We can see that the model depends on the nonlinear parameters $\vec{\alpha}=(\tau_1,\tau_2)^T$
and the linear coefficients $\vec{c}=(c_1,c_2,c_3)^T$
. Both exponential functions can be modeled
as an exponential decay with signature $\vec{f}_j(\vec{x},\tau)$
. In varpro, the basis functions
must take $\vec{x}$
by reference and a number of parameters as further scalar arguments. So
the decay is implemented as:
use nalgebra::DVector;
fn exp_decay(x :&DVector<f64>, tau : f64) -> DVector<f64> {
x.map(|x|(-x/tau).exp())
}
For our separable model we also need the partial derivatives of the basis functions with
respect to all the parameters that each basis function depends on. Thus, in
this case we have to provide $\partial/\partial\tau\,\vec{f}_j(\vec{x},\tau)$
.
use nalgebra::DVector;
fn exp_decay_dtau(tvec: &DVector<f64>,tau: f64) -> DVector<f64> {
tvec.map(|t| (-t / tau).exp() * t / tau.powi(2))
}
We’ll see in the example how the function method and the partial_deriv methods let us add the function and the derivative as base functions.
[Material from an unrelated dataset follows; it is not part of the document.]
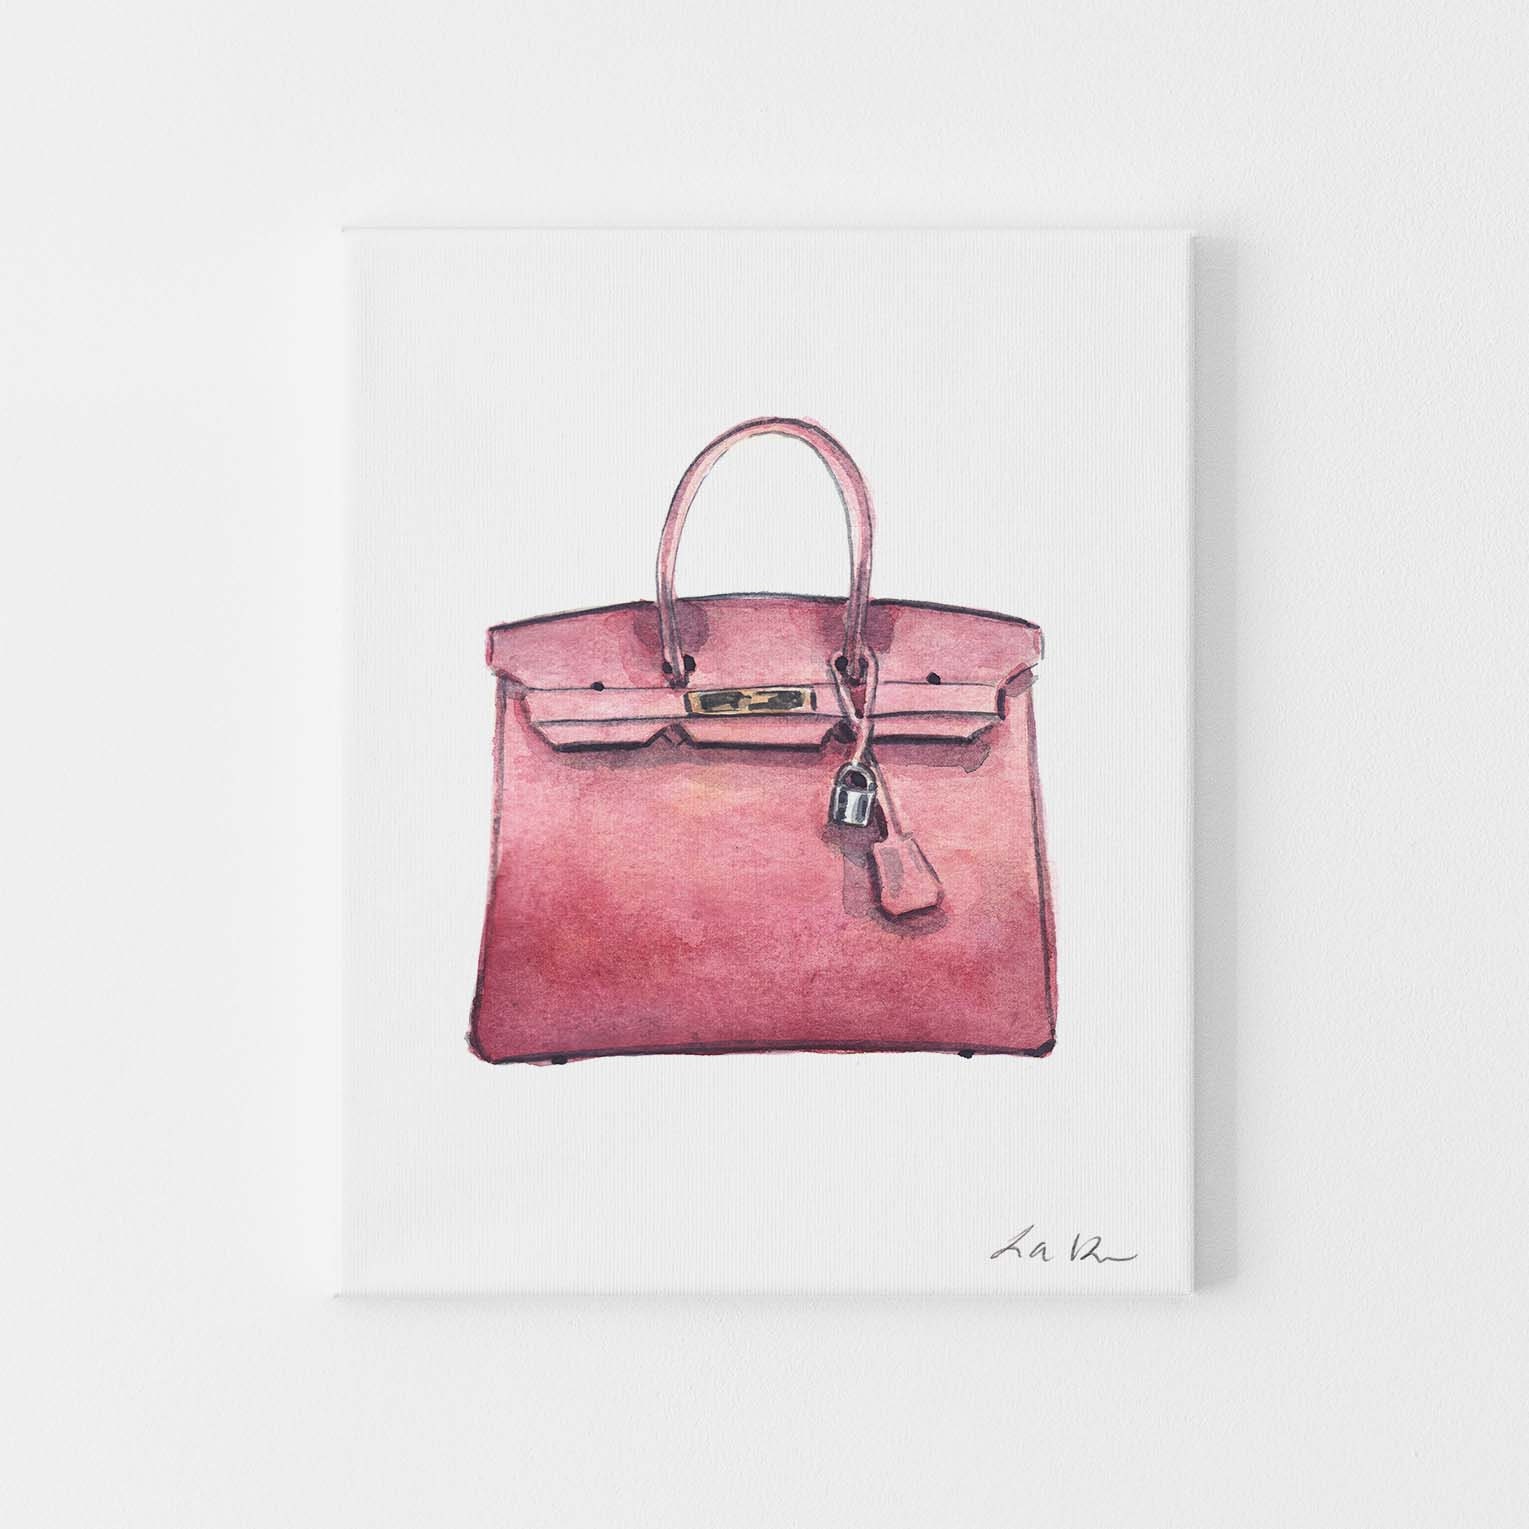 ART PRINT Birkin Bag Watercolor Painting Wall Decor Fashion | Etsy

There is a second type of basis function, which corresponds to coefficient $c_3$
. This is a constant
function returning a vector of ones. It does not depend on any parameters, which is why there
is a separate way of adding these types of invariant functions to the model. For that, use
invariant_function
of the SeparableModelBuilder.
§Example Code
Using the functions above our example code of fitting a linear model to a vector of data y
obtained
at grid points x
looks like this:
use nalgebra::DVector;
use varpro::prelude::*;
use varpro::solvers::levmar::LevMarSolver;
use varpro::problem::*;
// 1. create the model by giving only the nonlinear parameter names it depends on
let model = SeparableModelBuilder::<f64>::new(&["tau1", "tau2"])
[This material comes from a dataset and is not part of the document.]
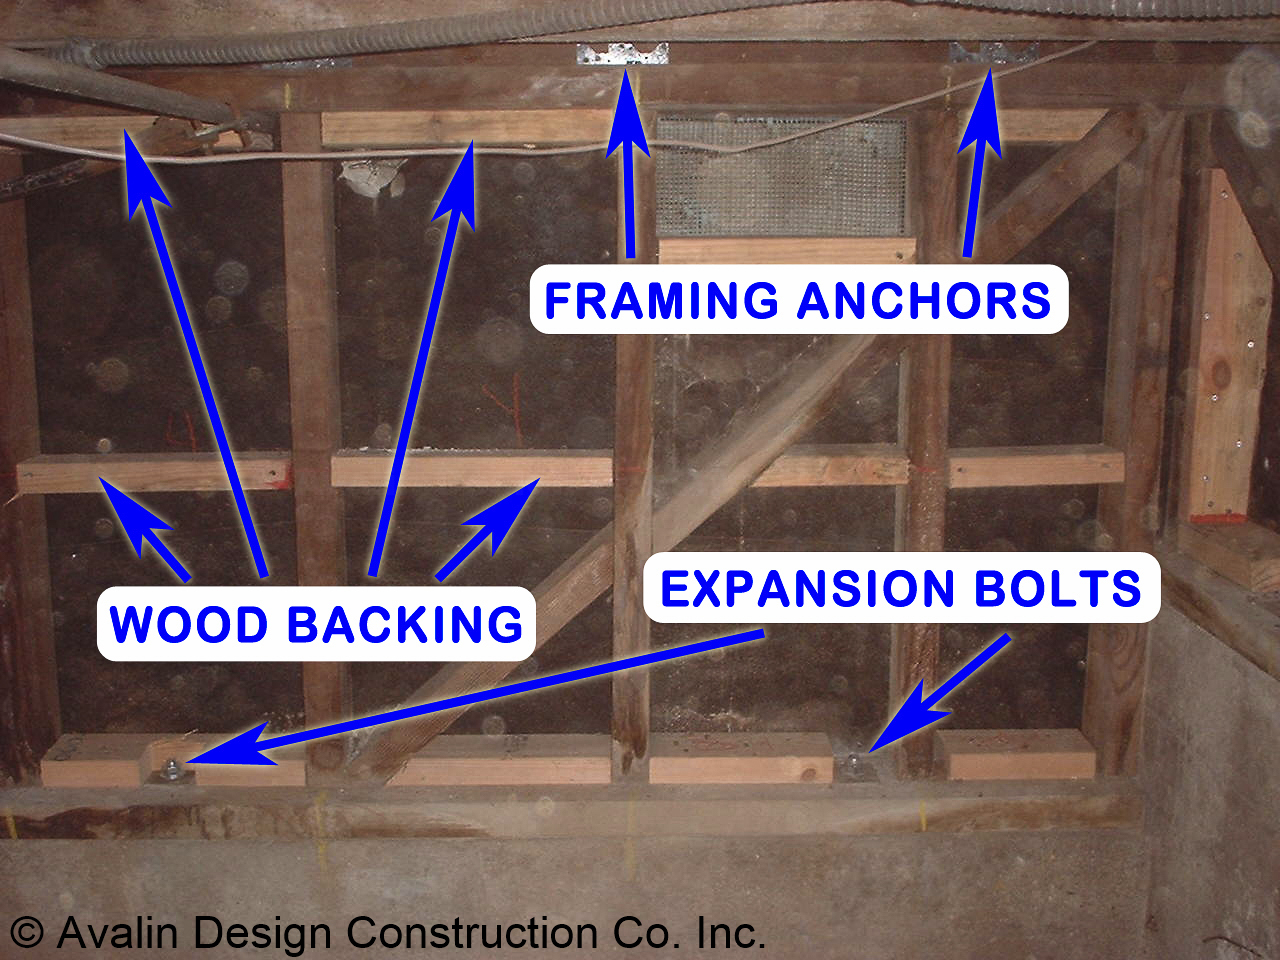 Cripple Wall Bracing in progress - Framing Anchors, Wood Backing, Expansion Bolts

// add the first exponential decay and its partial derivative to the model
// give all parameter names that the function depends on
// and subsequently provide the partial derivative for each parameter
.function(&["tau1"], exp_decay)
.partial_deriv("tau1", exp_decay_dtau)
// add the second exponential decay and its partial derivative to the model
.function(&["tau2"], exp_decay)
.partial_deriv("tau2", exp_decay_dtau)
// add the constant as a vector of ones as an invariant function
.invariant_function(|x|DVector::from_element(x.len(),1.))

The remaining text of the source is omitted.